A hundred and thirty-eight and 125! These are not random numbers or seat predictions for the alliances – these are the number of days the Supreme Court, as well as the Delhi high court, are on holiday in 2019.
Before you jump to conclusions, this is not a rant against 'court vacations'. Far from it. In fact, religiously every year, when we rejoin our 'black and white' world after a New Year's break, the first thing that I do is check out the new court calendar and mark out the chhuttis (holidays).
The first curses are reserved for those leaders and greats who have not managed to save their birthdays from weekends. The next curses are reserved for the dates that are not declared holidays by both the top court and the premier high court. Even if one court is open, it's not a chhutti is it? Finally, the cheers are reserved for those random events which, while very important to the celebrants, hardly touch my life in any manner other than giving the pure joy of a yet another holiday – take for instance Govardhan Puja.
I have criticised all things colonial in our judicial ecosystem – from the wig to the flap to the quaint modes of address and the black. 'Court vacations' are that one colonial heritage which I am unwilling to compromise with.
All eyes and eyebrows focus on the news of Chief Justice Ranjan Gogoi and Justice M.R. Shah sitting as vacation judges for the period May 25-May 30. It's a crucial time, when the court may have to brace for midnight hearings – as we know it did last summer, when the precise directions of the bench of Justices A.K. Sikri, S.A. Bobde and Ashok Bhushan sealed the fate of Karnataka. Indeed, it is a historic first for a CJI to sit through vacations. Usually the task fell on the "newer" justices (to use the politically correct term, as "junior judges" caused many a controversy in the Chief Justice Dipak Misra era).
The historic vacation benches
This is an opportune moment to randomly examine the role "court vacations" have played and continue to play in history, and in the lives of the law and the lawyer.

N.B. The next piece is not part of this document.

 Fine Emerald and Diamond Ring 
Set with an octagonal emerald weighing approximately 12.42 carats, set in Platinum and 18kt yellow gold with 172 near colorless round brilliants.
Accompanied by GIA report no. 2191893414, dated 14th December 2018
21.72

The concept of long court vacations, especially during the summer months, dates back to the times when Windermere was peopling court benches more than Wardha. The Brits just could not deal with the Indian heat. Gora judges would sail away to the Motherland and return when the monsoons would bring down the temperature. The court rooms of chartered high courts like Calcutta and Mumbai were spacious and ensured ventilation with high ceilings. We speak of a time when air conditioning was yet to threaten global warming.
Court vacations have interesting histories of their own. The Bhowal Sanyasi case, which riveted united Bengal as much as the Nanavati case did Bombay, also had a vacation twist. The trial court had accepted that the sadhu who had washed up after 12 years was in fact the Second Kumar of the Bhowal Estate. Trial judge Pannalal Bose, who dictated the massive judgement to only one trusted typist and kept the draft tightly under lock and key, had bought the claimant's story that he was rescued from his own "cremation" by a group of Naga Sadhus and that, on account of a loss of memory, he could not return earlier to reclaim his zamindari.

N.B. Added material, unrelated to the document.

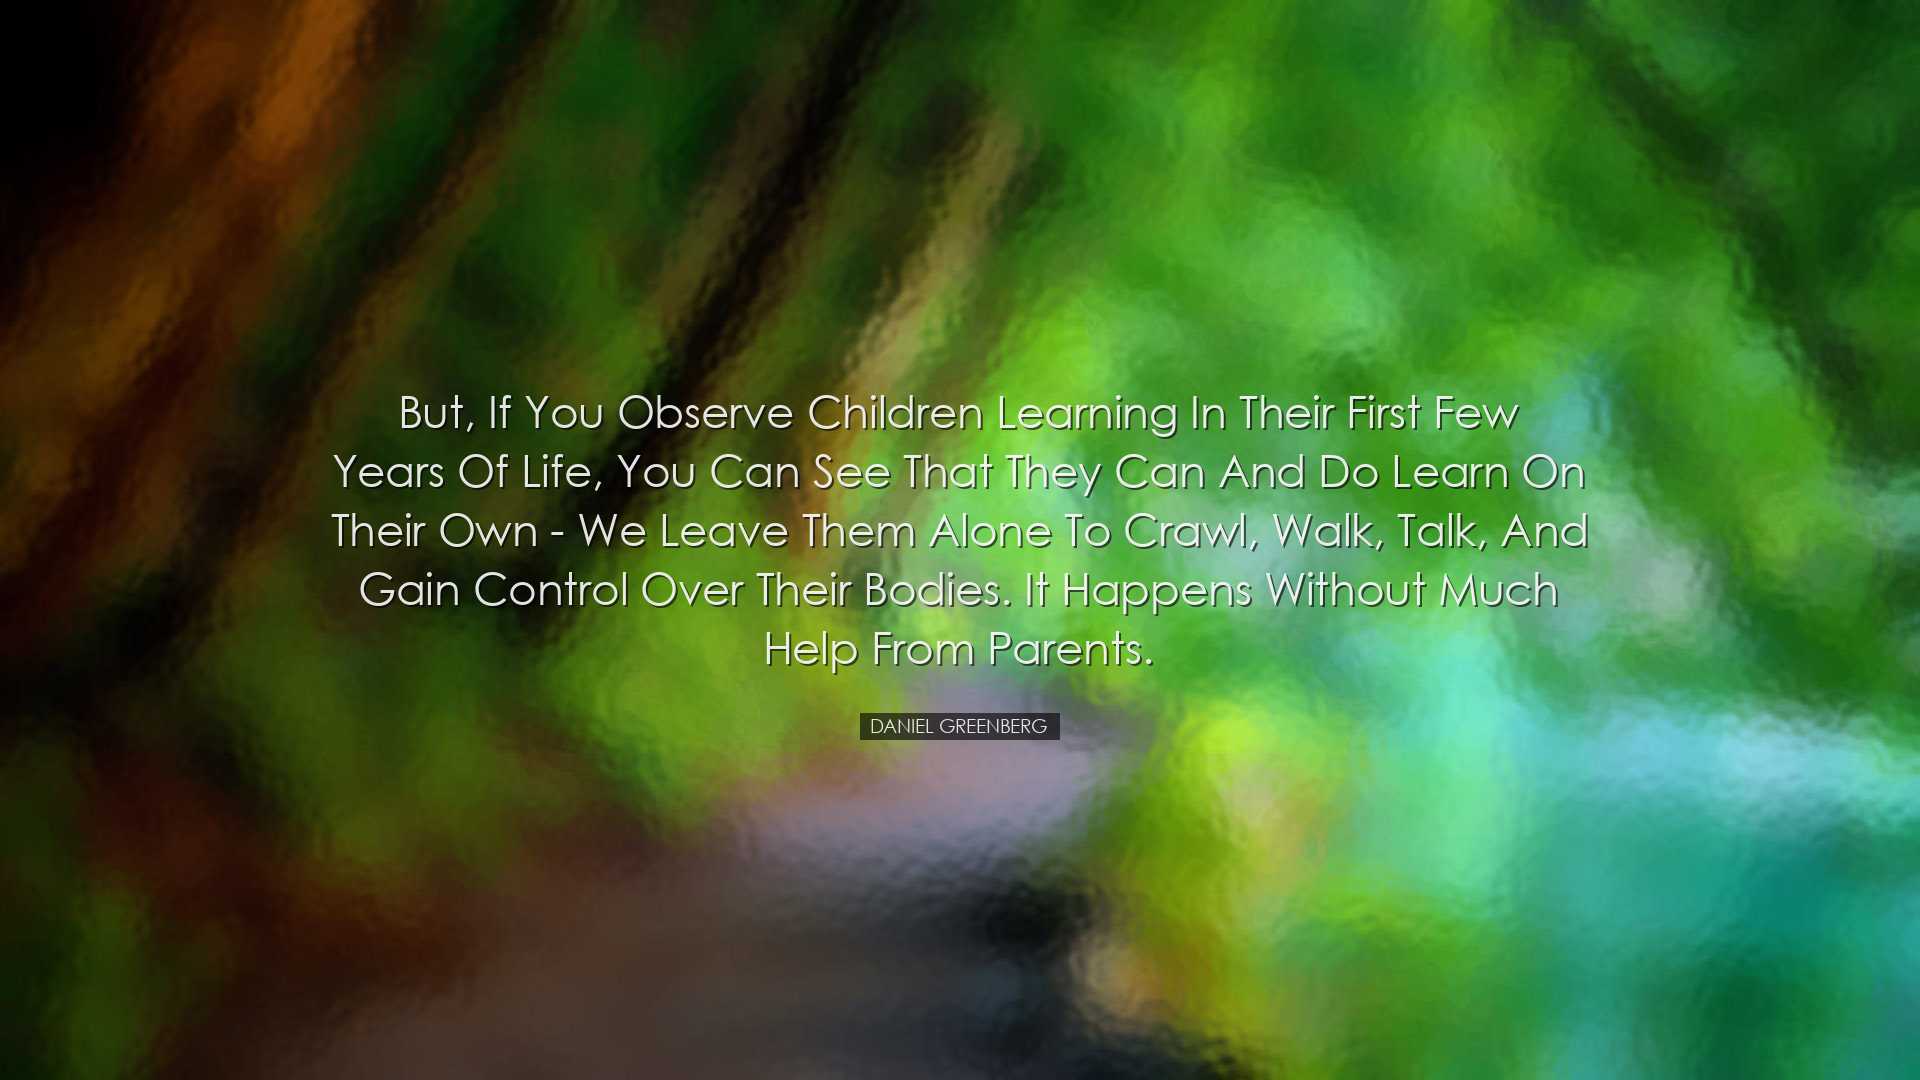 But, if you observe children learning in their first few years of

The appeal was heard by a three-judge bench of the Calcutta high court comprising Justices Costello, Charu Chandra Biswas and Ronald Francis Lodge. The bench conducted hearings from November 14, 1938 to August 14, 1939. However, thereafter, while Justice Costello was on vacation in Britain, the World War broke out and so he could not return. We were still decades away from times when two judges could pass orders, though a case had been heard by a bench of three. The situation was further complicated by the fact that the other two judges had divergent opinions and Costello's view would be the clincher.
Ultimately, while the judge could not travel back, his opinion made its way to the Calcutta court and tilted the scales in favour of the "princely imposter". Lawyers being lawyers, they advised the Rani Bibhabati, the 'widow', to appeal this decision to the Privy Council. It was contended that none of the judges had actually had an opportunity to confer. Another point was whether Costello's opinion without references to the judgements of the other two could be considered a "valid" judgement.
The Privy Council threw out the case. However, the elated sanyasi-turned-prince died the very day he heard about his victory, and that also on the way from the Kali Temple were he had offered thanks in sweets to the goddess. Bibhabati, undaunted by the triple defeat, still refused to accept that the fellow was indeed her "late" husband and consequently took a principled stand against inheriting from the dead litigant.
Another classical court vacations story is that of Indira Gandhi's disqualification case. Justice Jagmohan Lal Sinha, at the cost of his career, penned the most sensational verdict after Bhowal. It was on June 12, 1975 that the Allahabad high court pronounced the disqualification on Indira Gandhi on maverick Raj Narayan's election petition. Though the court had itself given a blanket stay on its order for 20 days, the vacation bench of Justice Krishna Iyer was in a spot. It faced equally persuasive arguments from both sides.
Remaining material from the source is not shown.